For me, writing has always been, in one way or another, about self-discovery. When I was still very young, writing stories was a way to escape the small life I led. It allowed me to explore life through the eyes of someone with more power and freedom than I had. I could be braver, quicker, smarter, more deserving of love. I learned about what was important to me and what I wanted to fight for. I would act out scenes from my favourite stories and add original characters and scenarios. Somehow, creating fictional stories in my head also allowed me to become more grounded in the real world. Things were happening that mirrored events from my novels, and I felt more prepared to experience and understand them.
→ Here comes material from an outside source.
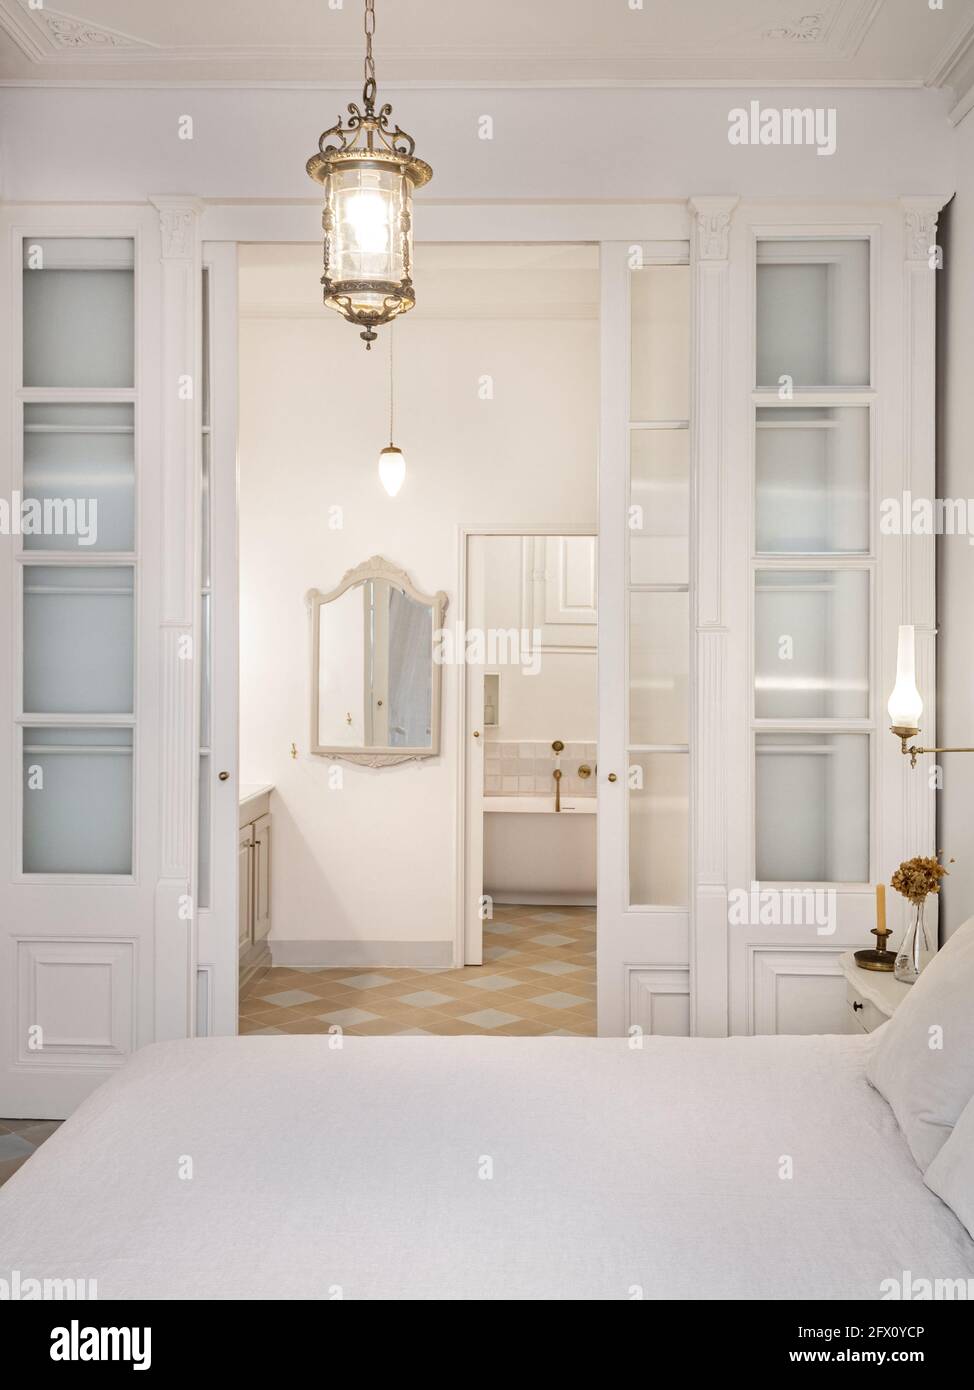 Intérieur de chambre de style rétro ou classique avec lustre vintage. Vue  sur la salle de bains décorée dans des tons de beige avec zone de baignoire  Photo Stock - Alamy

My teenage years were filled with short stories and poetry that will NEVER see the light of day. They are safely tucked away in my TrapperKeeper (those who get it, get it), and their confinement is by no means a sign of my embarrassment. Those angst-ridden lyrical poems were an ode to the Romantics I was slowly becoming obsessed with —or the authors I wanted to emulate. They are a love letter to The Lady of Shalott, The Vampire Chronicles, and every sad song I was listening to on repeat. Writing constantly during my adolescence may have negatively affected my math grade (sorry, Maman), but it set the foundation for the voice I would use as an author.

After my second child was born, I struggled with feelings of being trapped and limited in my life. Suddenly, there was only responsibility and the weight of my reality. There was no sign of the creative person I had been for most of my life, and I felt as though I had lost touch with the person I had been. So I started plotting a book while driving, while taking walks with my baby, and while spending hours tucked away in the house over the winter. I watched Mike Flanagan’s chef d’oeuvre, The Haunting of Hill House, and I created a family of women who became manifestations of me as a child, a teen, and as a lost mother. I published chapters of this book on Wattpad and sought feedback. My dad read the first draft. Then one day in May of 2021, I decided to share it with the world. This was The Bones of Our House.

This was the first of many novels. My sophomore release, The Queen is Dead, was born out of a desire to tell the story of a woman who had fascinated me since first reading Macbeth in grade eleven. I wanted to know what would lead a person to commit regicide and to take into herself the darkness presented in the play. More importantly, I wanted to give Lady Macbeth, Gruoch, her voice back. I wanted to tell her story without apologizing for it and without reducing her to the two-dimensional caricature of an evil woman the Bard left us with. I researched the historical figures and learned more about 11th-century Scotland than I ever planned to. I am infinitely proud of this novel, and I still consider it my soul book.

Currently, I have a dark academia love story titled The Arcane Education of Victor Bratten that is on submission with potential publishers. It is a gothic tale with an Orphean twist, an idea first kindled during my adolescent obsession with Mary Shelley and Greek mythology. It deals with blood magic, capitalist social systems, and the limits we will go to for those we love.

My fourth novel, The Furious Dreaming of Magdelen Buhr, is finally on submission as well! It is a folkloric, ecological horror story with hints of Wuthering Heights and eldritch gods.